SOURCE MATERIAL:
****************

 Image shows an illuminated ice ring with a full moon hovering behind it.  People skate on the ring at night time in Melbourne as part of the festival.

****************

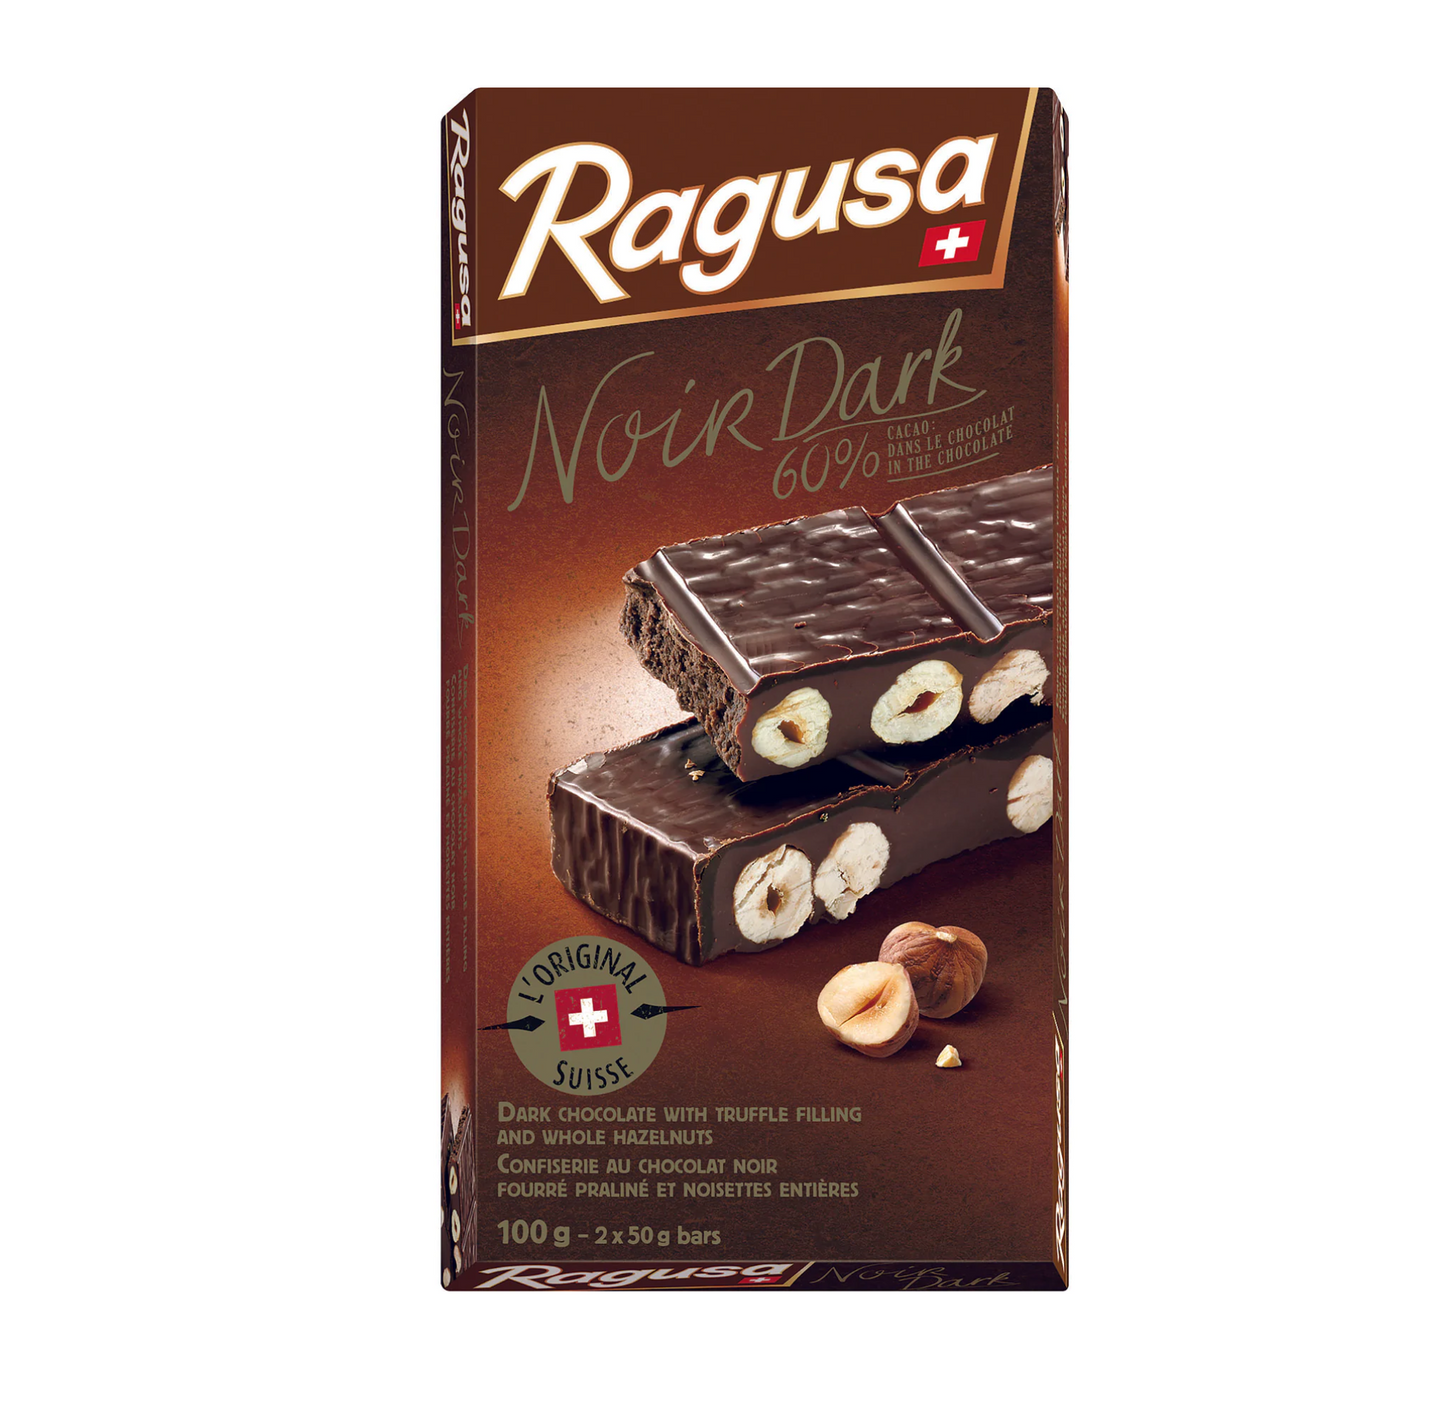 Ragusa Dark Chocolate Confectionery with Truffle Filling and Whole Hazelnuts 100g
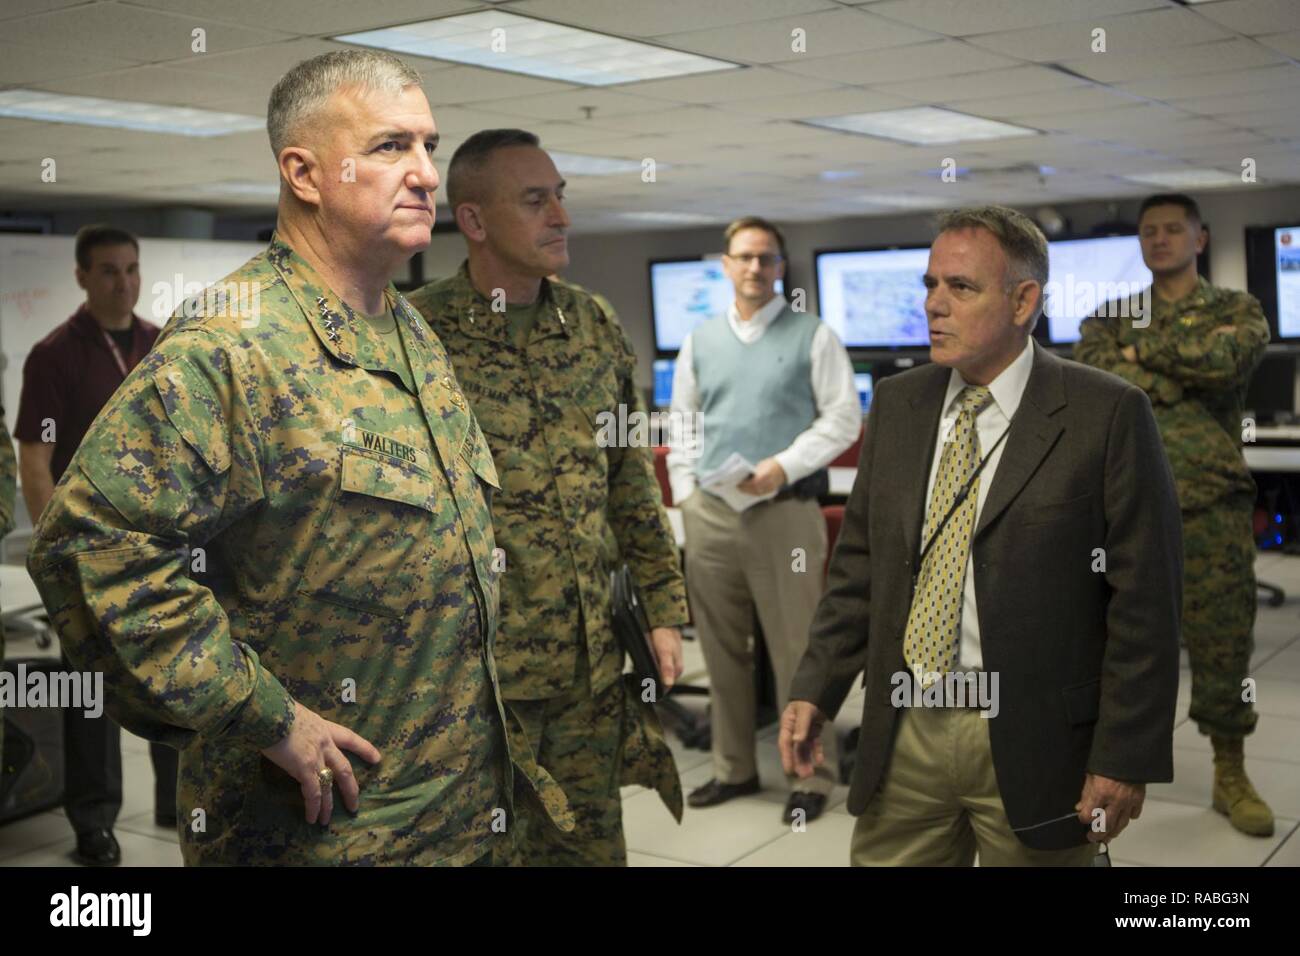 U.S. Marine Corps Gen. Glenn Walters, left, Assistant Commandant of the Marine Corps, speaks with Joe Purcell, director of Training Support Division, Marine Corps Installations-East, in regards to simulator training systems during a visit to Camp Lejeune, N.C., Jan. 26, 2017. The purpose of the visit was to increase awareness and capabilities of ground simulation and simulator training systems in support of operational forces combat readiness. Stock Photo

****************

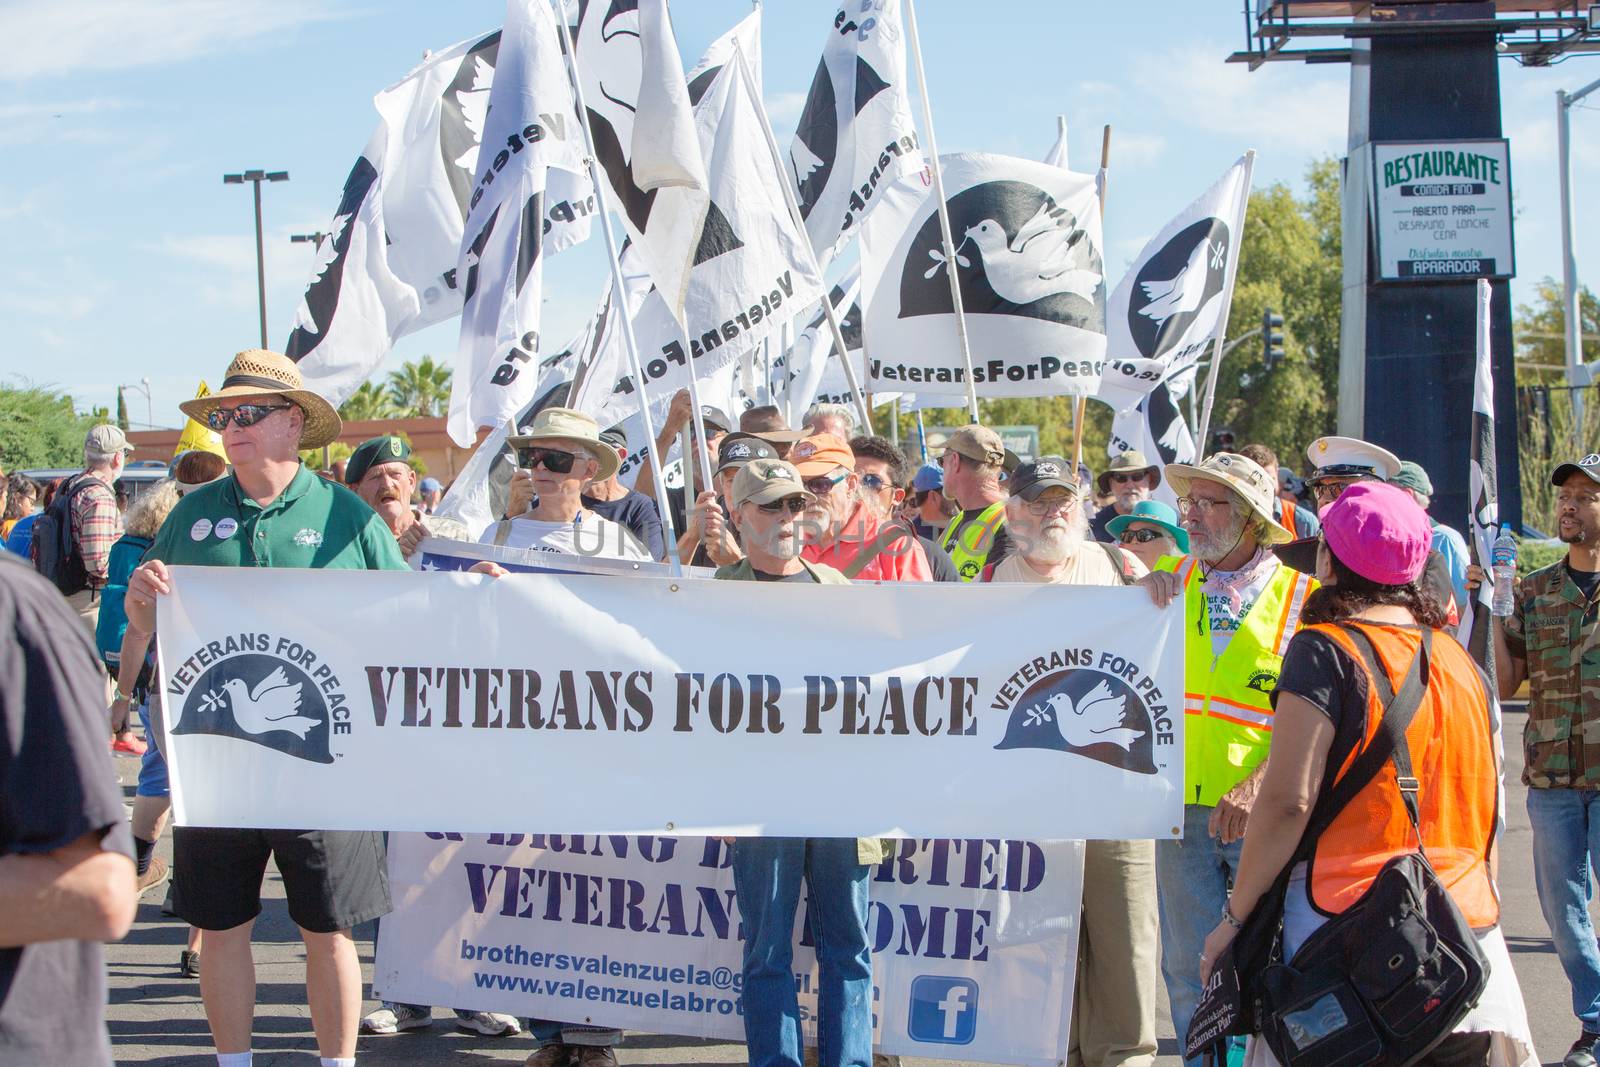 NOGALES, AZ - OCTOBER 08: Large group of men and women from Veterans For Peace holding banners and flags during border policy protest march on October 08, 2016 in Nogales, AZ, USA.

****************

WORK TO BE COMPLETED: Treat the line with "Ragusa Dark Chocolate" as the start and the line with "U.S. Marine Corps" as the end, and return exactly that span of the data above, both ends included, without pictures.

OUTPUT BELOW:
 Ragusa Dark Chocolate Confectionery with Truffle Filling and Whole Hazelnuts 100g
 U.S. Marine Corps Gen. Glenn Walters, left, Assistant Commandant of the Marine Corps, speaks with Joe Purcell, director of Training Support Division, Marine Corps Installations-East, in regards to simulator training systems during a visit to Camp Lejeune, N.C., Jan. 26, 2017. The purpose of the visit was to increase awareness and capabilities of ground simulation and simulator training systems in support of operational forces combat readiness. Stock Photo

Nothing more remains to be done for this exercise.